Playing chicken: I love me some great fried chicken. But is it to die for? Lee’s Famous Recipe Chicken is my go-to here in Michigan. There’s none better. Only the bird served at venerated Mrs. White’s Golden Rule (in Phoenix) seems its equal. In both places, I’ve waited in line many times to get my next fix. Now I can say I’ve actually risked life and limb for the pleasure.

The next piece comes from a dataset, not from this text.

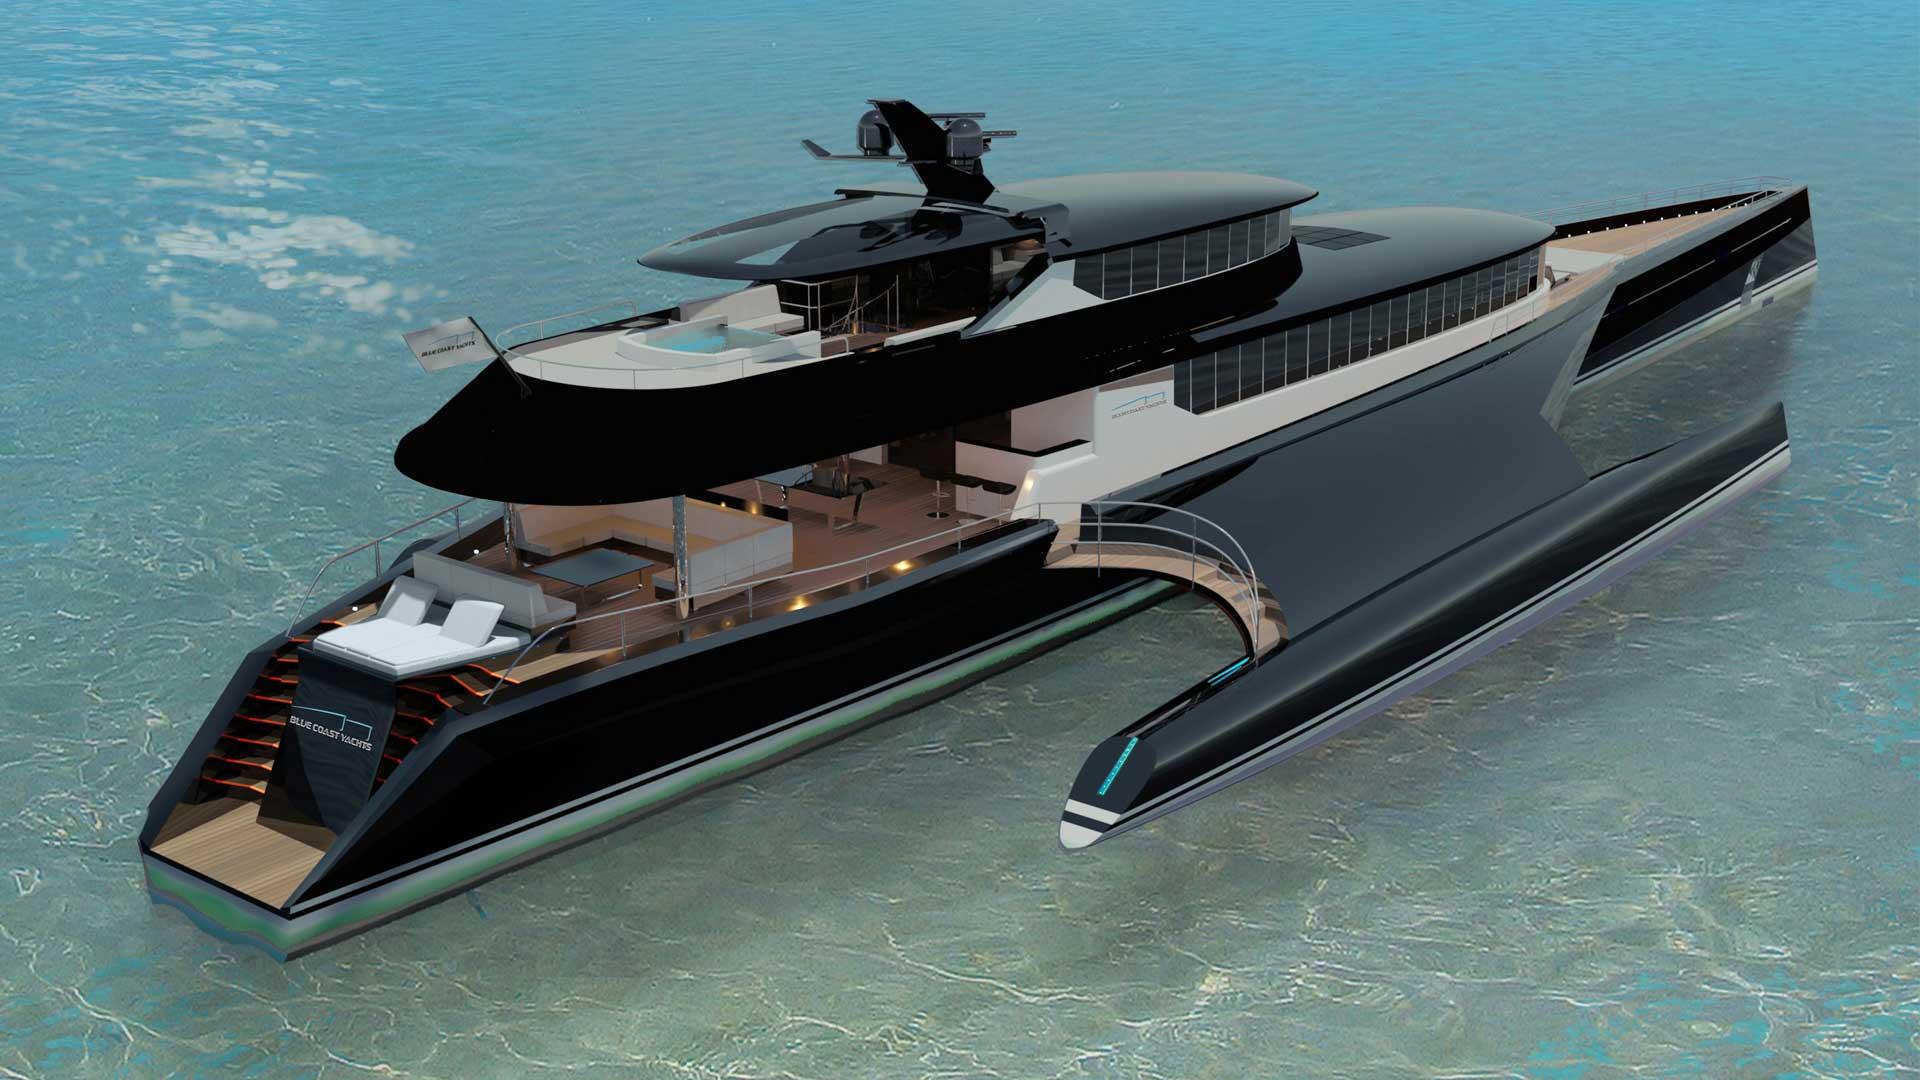 Superyacht Sunday: $47 3 Million Trimaran Superyacht by Blue Coast

Another Lee’s just opened near me. Not surprisingly, business is booming. Picking up a phoned-in order for a friend recently, I walked inside to find what reminded me of the floor of the New York Stock Exchange. People desperate for attention were packed-in elbow to elbow, waving hands and tickets in a buying panic that new and too few store staff struggled to keep up with. Walking into a scene teetering on complete customer service chaos, I asked a few folks milling about where to find the pick-up line, only to be pointed in different directions. When I couldn’t make out a clear queue anywhere in sight, I inquired again at the counter, clarifying that so-and-so’s order had been called-in, paid by phone, quoted a pick-up time, and that I was here to accomplish that task. Two extremely harried young men helped me, instantly finding my order packaged and ready as arranged. Granted, I felt I’d dodged a bullet getting in and out quickly.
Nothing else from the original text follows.